Some branches could be effectively eliminated by executing both parts of the branch and then selecting the right result. If the branch functions are small and the compiler can inline them, then selection might bring noticeable performance benefits. If the functions are big and expensive to compute, then it might be actually cheaper to take the cost of a potential branch mispredict.

// before
int a;
if (cond) {
    a = computeX();
} else {
    a = computeY();
}
foo(a);

// branch selection
int x = computeX();
int y = computeY();
int a = (cond) ? x : y;
foo(a);

Multiple Tests Single Branch

The main idea here is to avoid executing a branch for every element of a large array. Instead, the goal is to perform multiple tests simultaneously, which primarily involves using SIMD instructions.

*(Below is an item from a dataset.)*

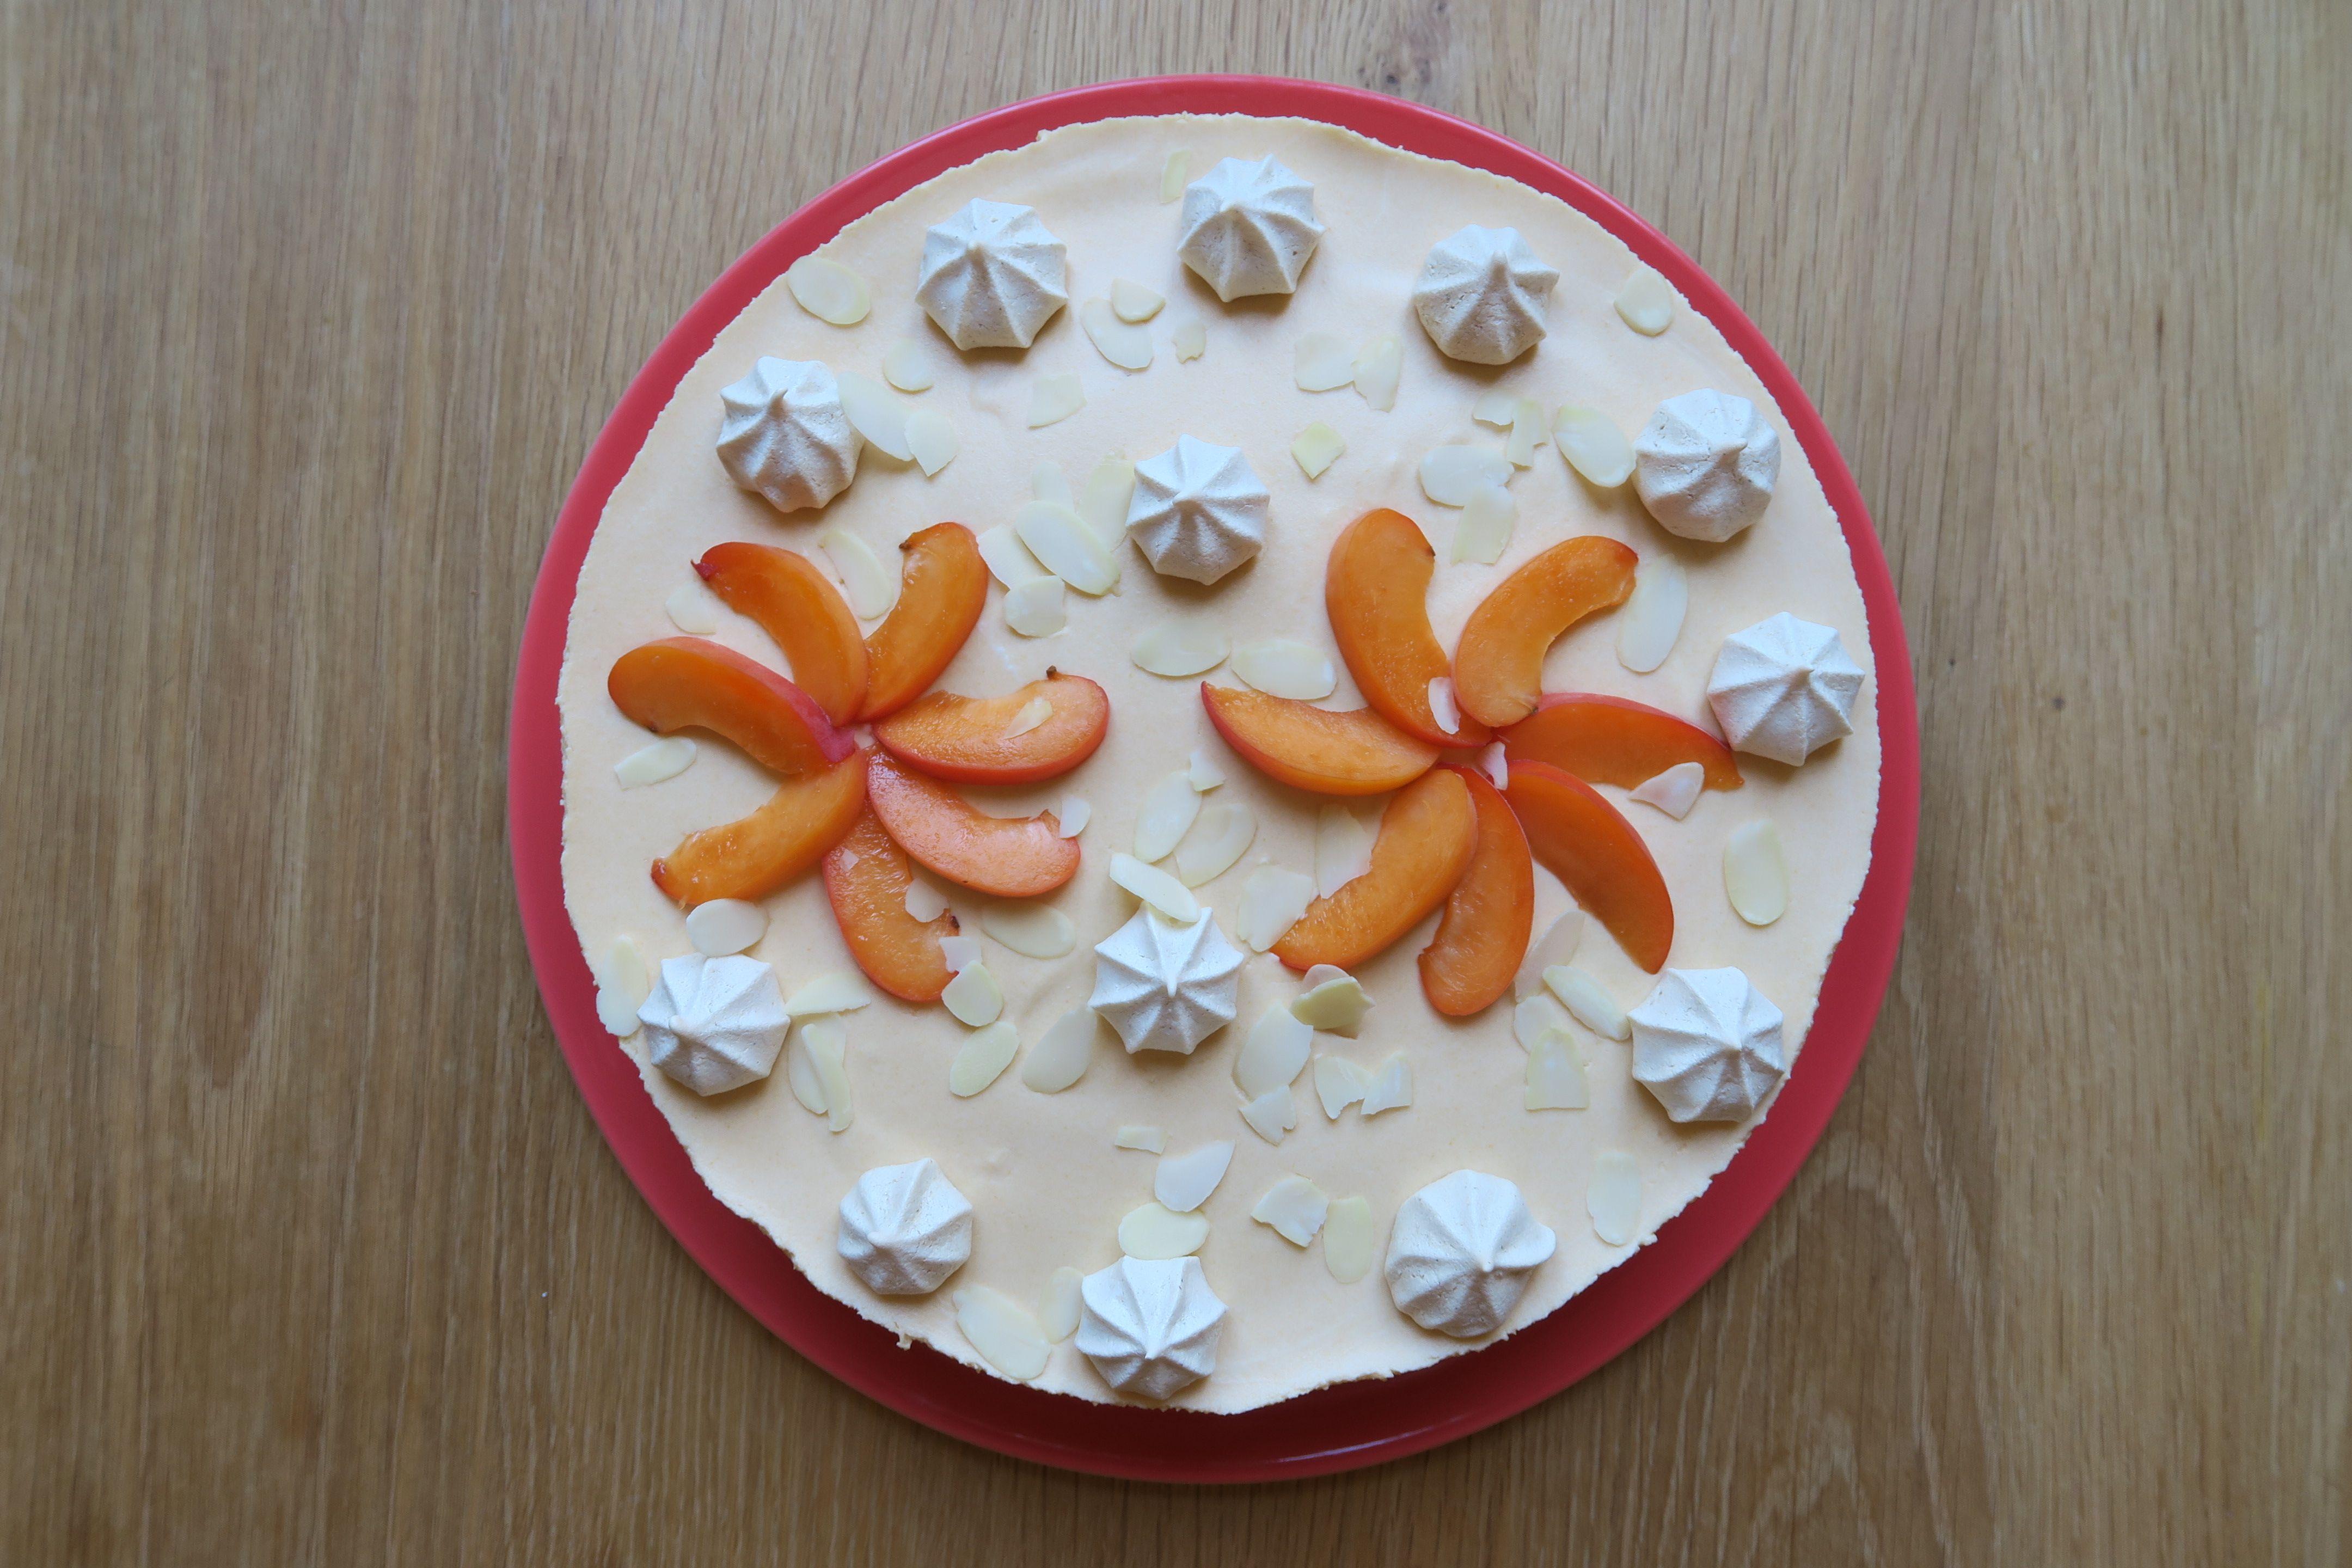 Pinky Cake, Entremets Abricot, Amande et Meringue  #entremets #abricots #amande #meringue #meringuefrançaise #entremetsabricots #dacquoise #pinkycake

Optimize Machine Code Layout

As the new processors get more computation power, the CPU Fronend (FE) needs to fetching and decoding instructions fast enough to deliver to the Backend, otherwise the overall performance suffer. In the TMA methodology, below 10% Frontend Bound metric is normal for typical application. If it’s more than 20%, it is worth investigation.

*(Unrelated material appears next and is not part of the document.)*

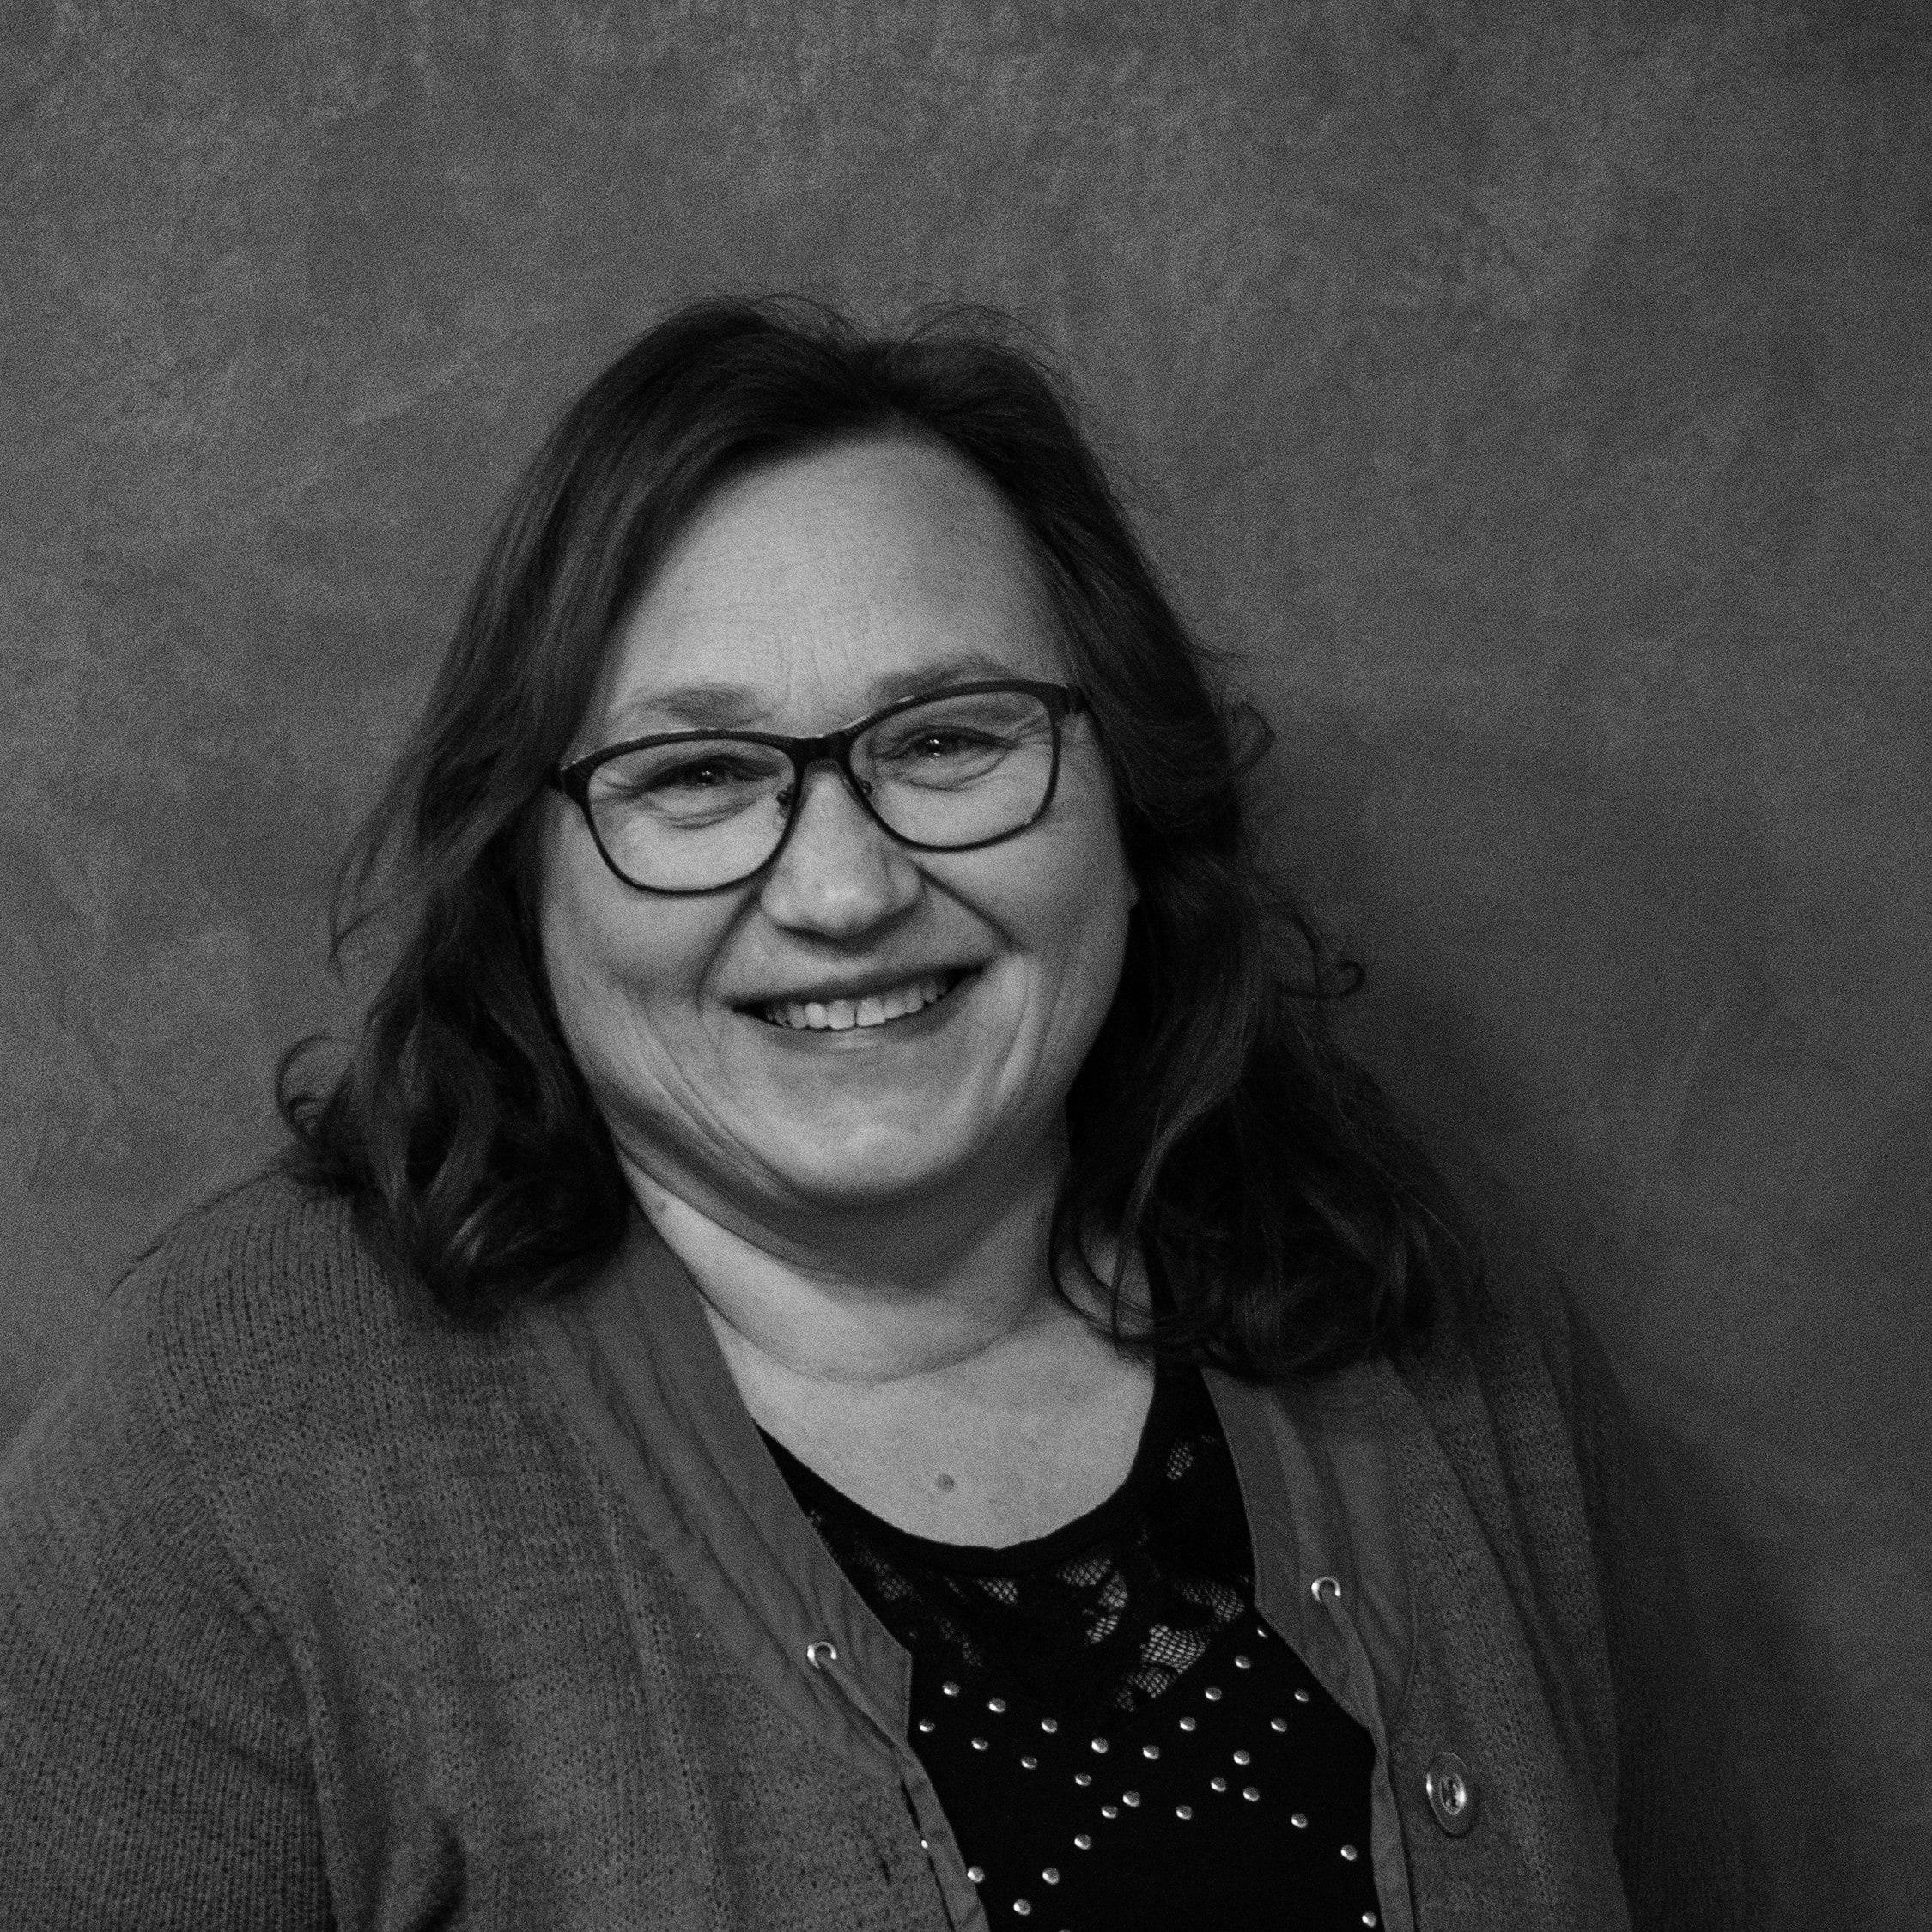 Berta Baumann Profilbild schwarz weiß Geschäftsführung

A basic block is a sequence of instructions with a single entry and a single exit. This is an imporatn property leveraged by many compiler transformations because it reduces the problem of control flow graph analysis and transformation.

Basic Block Placement

Compiler can transform the basic block placement so that it maintains fallthrough hot code path and move away the cold path. It’s beneficial because not-taken branches are cheaper and it achieves better instruction cache utilization.

Basic Block Alignment

Compiler will insert/shift hot code using NOPs instructions to pad them within one cacheline if possible. This is particular useful for hot loops to achieve better instruction cache utilization.

Function Splitting

Compiler can split cold blocks of code and place them into separate functions. This makes the original code path “smaller”: the cold function body is replaced by a jump instruction that’s rarely executed. This is helpful for functions with complex CFG when there are big blocks of cold code between hot parts.

Function Reorder

Linker could group hot functions together to achieve better cache utilization. This is helpful when there are many small hot functions.

Profile Guided Optimization

Compiler could have generated more efficient/tailored code if it knows more about the typical use cases of the application. This is when profiling information comes handy. By providing particular flags (for example -fprofile-instr-generate) to compiler, it can first generate instrumented binary and run to produce profile data. Then the compiler could recompile the binary using the profile data as a prior guide.